The first time I arrived in Tulum, I knew it was a special place. I came here after I walked away from a seventeen-year career.

Within weeks of letting go of the job, I found myself standing on top of a pyramid in the Mayan ruins in Coba, outside of Tulum. I was in awe as I looked over a vast sea of green jungle in the Yucatán peninsula.

I spent eight days of magic and wonder in Tulum. Reconnecting with myself and remembering my truth.

Tulum revived me with its nurturing presence and the unavoidable ability to help me see myself clearly. On that trip, Tulum showed me what was possible for my life.

It was the experience of a lifetime with beautiful friends. All of us were changed by our adventure, three and a half years ago.

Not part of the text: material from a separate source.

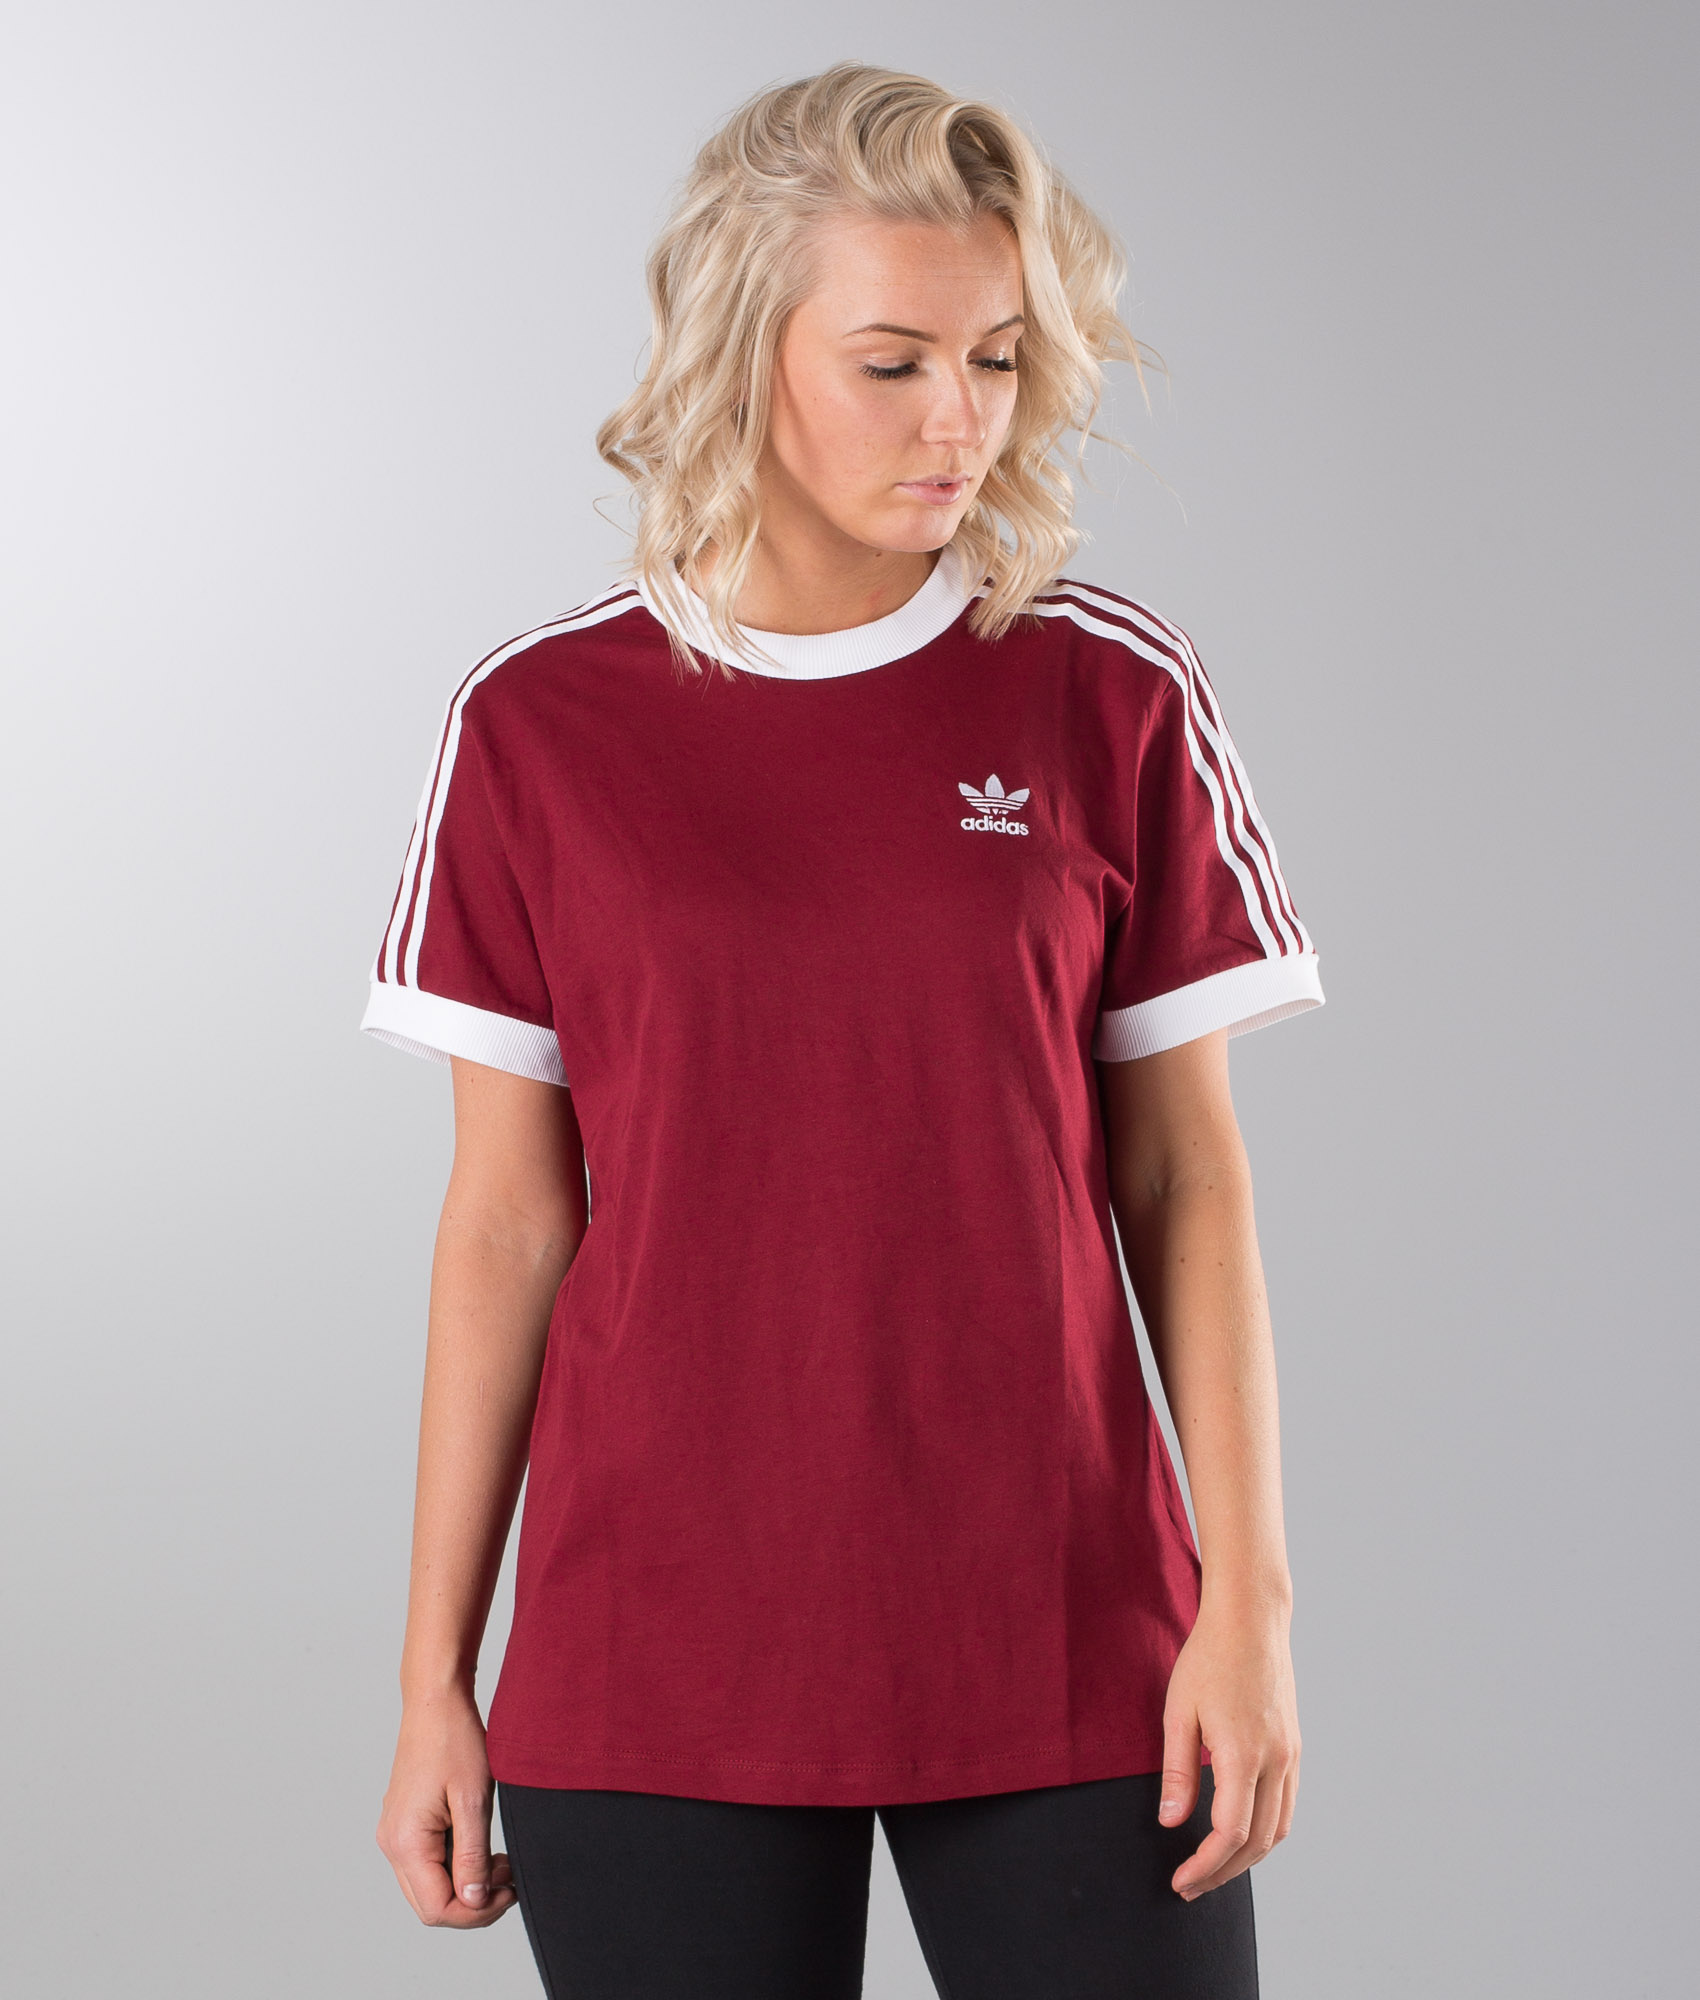 Stripes Burgundy Adidas Shirt T Collegiate Originals 3 0nPkOw

I vowed to return to Tulum within a year. The energy was calling me to stay, but I had a life back in California. Granted it looked nothing like the one I’d planned for myself, but I had to go home. I was married, I had a business to open, a book to write and a new life to discover and co-create.

The call of Tulum never wavered.

By the time I made my way back to the jungle and Tulum, eighteen months later, everything had changed. I was an author, I’d co-owned and sold a business, my intuitive coaching business was growing and I walked away from my marriage.

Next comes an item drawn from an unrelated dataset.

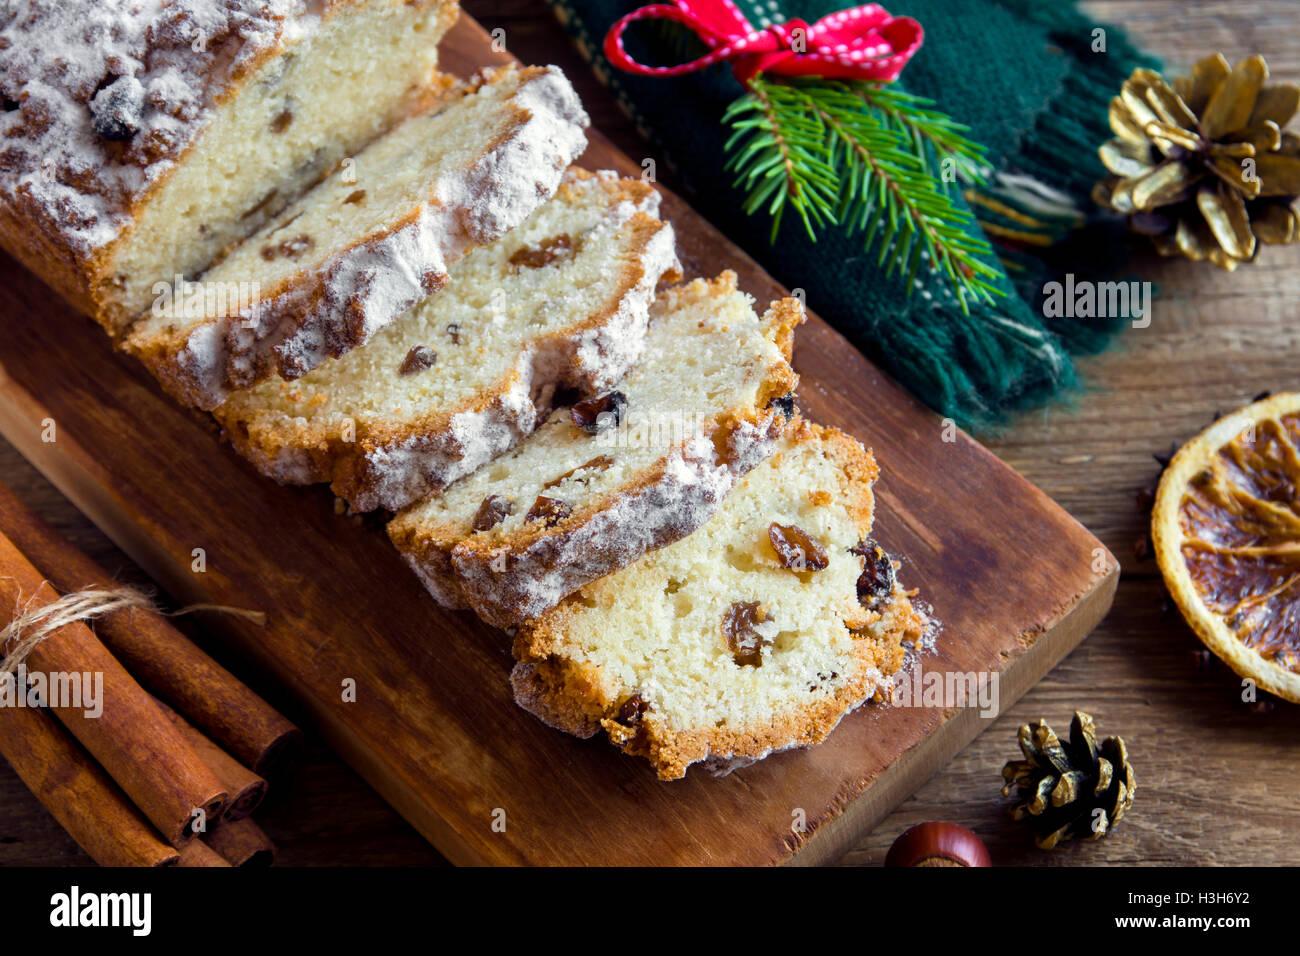 Christmas festive fruit bread (cake) on rustic wooden board - homemade Christmas bakery - Stock Image

Once again, Tulum caught me as I took another leap into the unknown Void.

I‘ve spent the last two years in partnership with Tulum. Working, growing, playing and healing.

There are places across the planet where you resonate with the energy. Where it feels like home, even though you’ve never been there before.

Tulum is that and so much more for me. The beautiful energy of Tulum is a heartbeat; a pulsing, enveloping hum. A vibration where everything manifests in an instant.

Think of a person and they appear in your path. Need a place to live that checks all the boxes, it appears. Feel a whisper of an idea brewing, it magically comes with the resources to make it all happen. It’s all available here in Tulum.

I have a saying that sums it up, “Tulum provides.”

There is no guarantee that you’ll love everything Tulum offers, but you will eventually come to understand why you received what you did.

Tulum presents a conveyor belt filled with your baggage. Choose one piece and keep moving forward. Don’t fight the work you’re here to do. Live in flow and the magic of Tulum unfolds.

Do the opposite, and you wonder what happened to the paradise that called you here in the first place. From broken bones to broken hearts, I’ve seen it again and again.

Anyone who knows me will understand why I was drawn here. I’m dedicated to my personal growth. I use my body, mind and spirit as a laboratory for what’s possible in the healing, growth and co-creation realm. I eat change for breakfast and that includes the changes within me.

Tulum has been a willing partner as I’ve liberated myself in this jungle. As I’ve grown into the woman I’m meant to be. As I’ve led other women to transform their lives too.

When Tulum calls, you come.

When Tulum tells you it’s complete, you go.

I must!

Otherwise I’d be working against the energy and nothing would go my way anyway. The magic would be gone. I can’t force myself to stay. No matter how many people I love here or that I just bought a scooter or that I have a long term rental I adore. It’s time.

I don’t know where I’m going to land. I’m open to where I’m led. I have no limitations except the ones I place in my path. My heart is open and the tears are flowing as the final days in Tulum are here.

I trust my guides without question. I know this is right, even though I don’t have a plan. And boy do I love a good plan. But my guides lovingly laugh at my carefully crafted plans.

So, I let go. And when I question what I’m doing, I let go again.

I TRUST.

I trust in the guidance. I trust in my heart. I trust in myself. And I trust in Tulum.

Tulum taught me how to truly live in flow. How to let everything fall away and BE. How to live a limitless life. For that I’ll always be grateful.

Tulum helped me become the women I was always meant to be. But I had to let go of everything that no longer aligned with my heart and soul.

Thank you for the beautiful friendships, landscapes, growth, healing and love you’ve offered, Tulum!

¿Pero esta gran distancia realmente importa ya que nuestros corazones latían como uno?